Sound enticing? Dear dog, I sincerely hope not.

There's also the matter of what the works themselves are. It is easy to say that they're trash because a reader with a brain will be able to identify the elbows of the work (the formula). It takes you out of the story when you're thinking to yourself that the girl is only arguing with him because they needed a conflict in the first chapter and that it's all part of the formula. It spoils what could have otherwise been a well-written story. You already know that the two main characters will end up together, happily.

I, personally, do not want to know what happens in the end of a book before I read it - why read it?

And I am not going to bash romance writers here. They are good writers. These, after all, were the ones selected while thousands were rejected. They are by definition the cream of the crop in the romance world, and even if their works conform to the shape of the cookie cutter and can be "seen through" they are still very good, technically, at the craft they do.

Anyway, back to the reason for the post - deconstructing the book. For not-the-first-time I was examining all these aspects and thinking I could write one. I started, by reading and writing in parallel. As things happened in the published book I wrote my versions. Absolutely not plagiarism - I am talking about structure not anything identifiable! -so for example, in the first chapter I introduced the main character and her home life, spelled out why she is single, showed her vulnerabilities (part of the formula).

So I continued. I had written my synopsis and fleshed out the characters. Six thousand words in, so, by now the characters had met and were hell-bent on never getting together.

And then it happened. That worm. Writers will know about that worm. It is the idea that worms its way in and refuses to be put off. In my case, the worm was that the main character has a stalker. An actual, valid reason to be worried about locking doors (which was her vulnerability). I wrote the stalker into the plot so far. I didn't want the reader to know who the stalker was.

I realised that to get my HEA, the stalker had to be someone either benign or arrested and locked up at the end of the book while the hero keeps her safe. How terribly trite. I couldn't bring myself to do it. Not to mention boring - damsel is in distress, hero steps in, she eventually allows him to love her, blah blah blah. No. Not going to do it.
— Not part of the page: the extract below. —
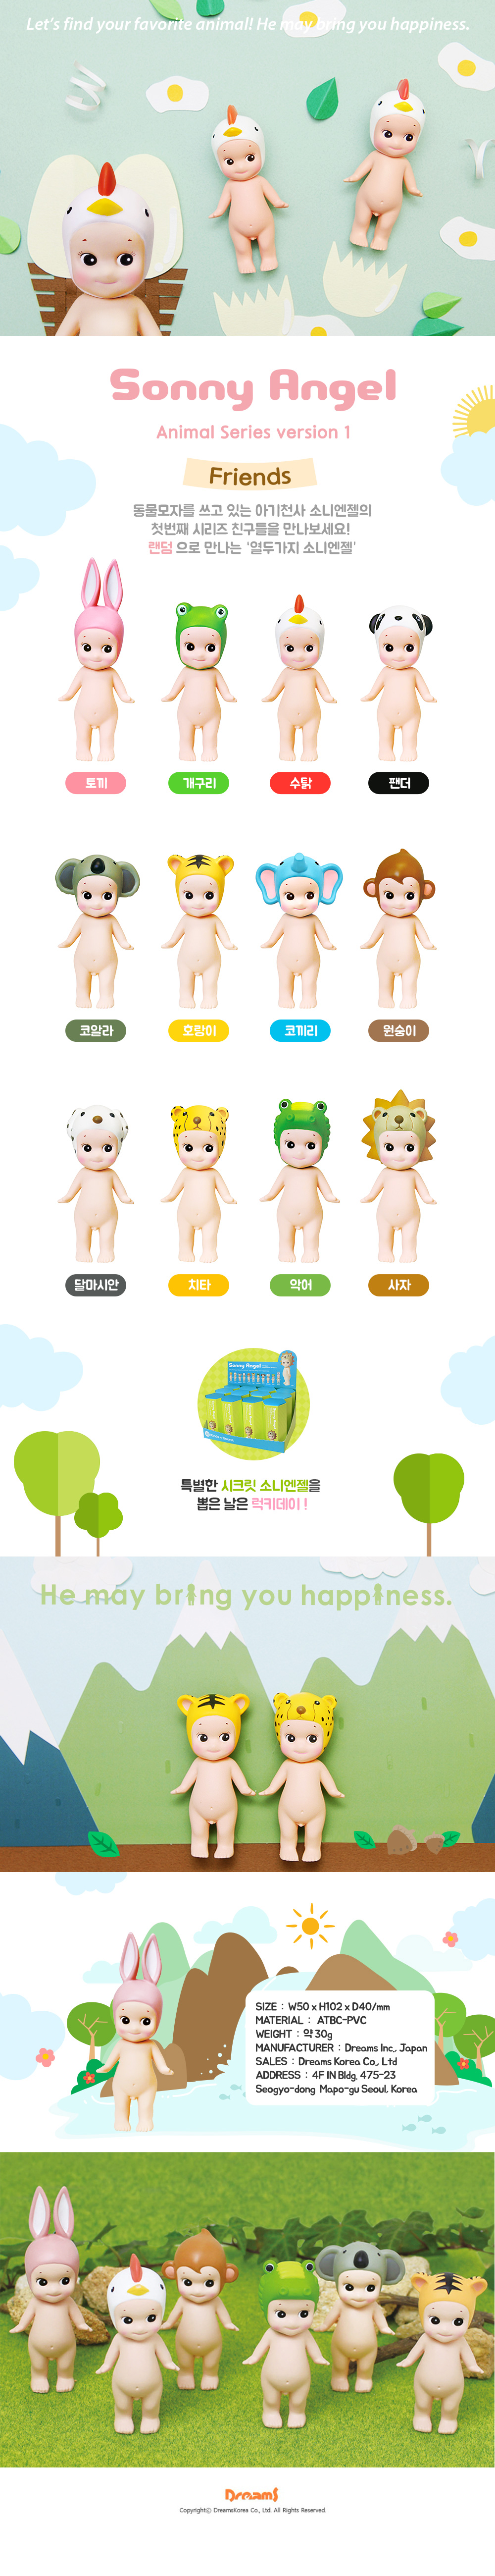 [드림즈코리아 정품 소니엔젤] 미니피규어_Animal 1 ver (랜덤) - 소니엔젤, 6,900원, 아시아 피규어, 소니엔젤
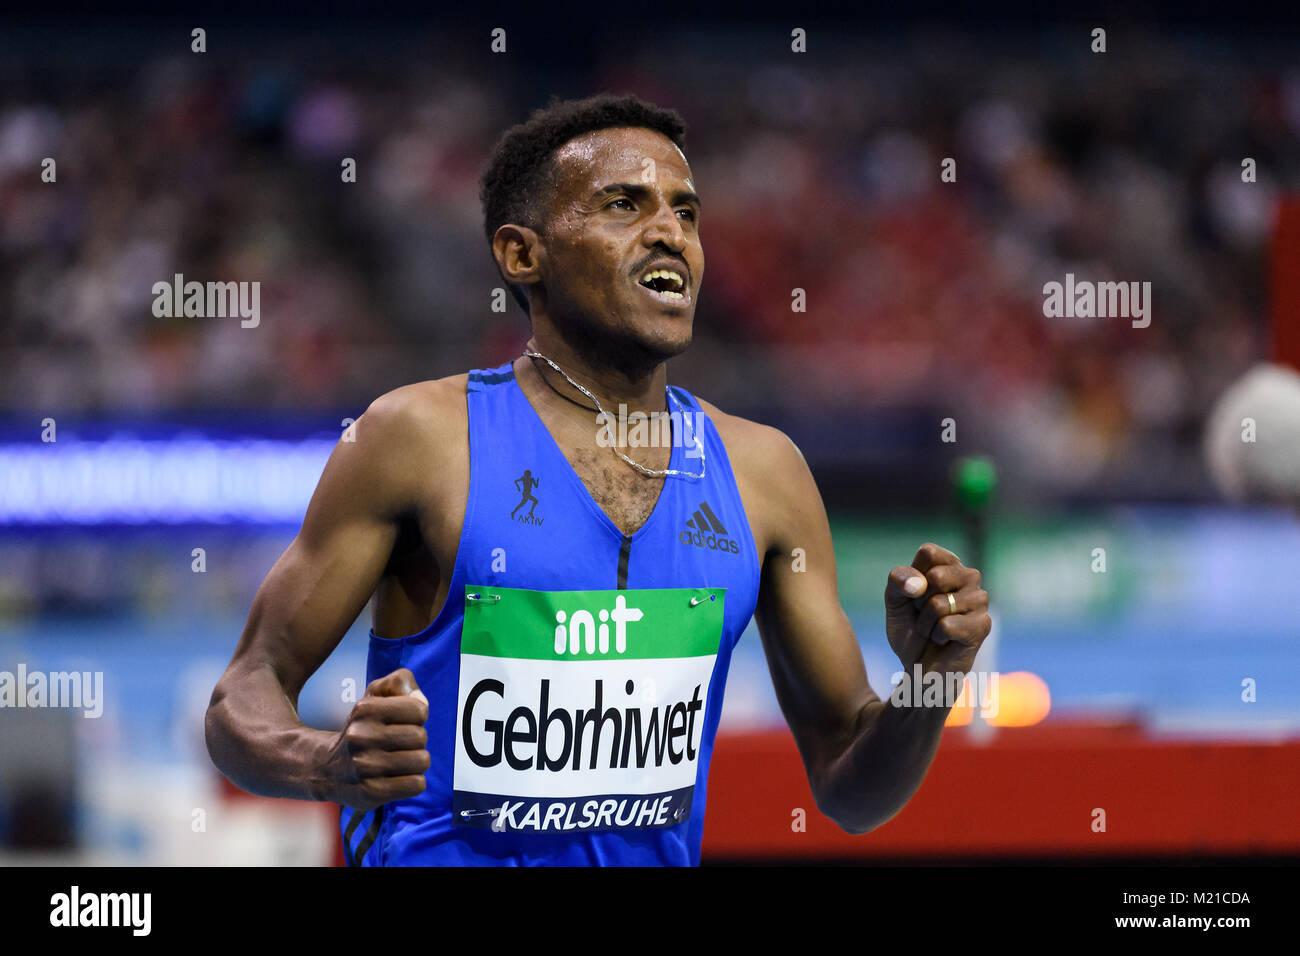 Karlsruhe, Deutschland. 03rd Feb, 2018. i3000m Maenner: Sieger, Gewinner Hagos Gebrhiwet (ETH). GES/ Leichtathletik/ - Stock Image

And so the trashy novel has become a thriller. Hero's point-of-view chapters have been obliterated and the entire book will be written from the main character's point-of-view. Which is definitely more difficult. I can no longer have the hero's character shaped by his thoughts - she will need to witness all his "character quirks" so that the reader can understand the sort of person he is. But it has the added bonus that the reader will not know whether he is the bad guy.

I've put the first 1000 words up onto Wattpad, and we shall see if I get any feedback. I hope that readers aren't too bored.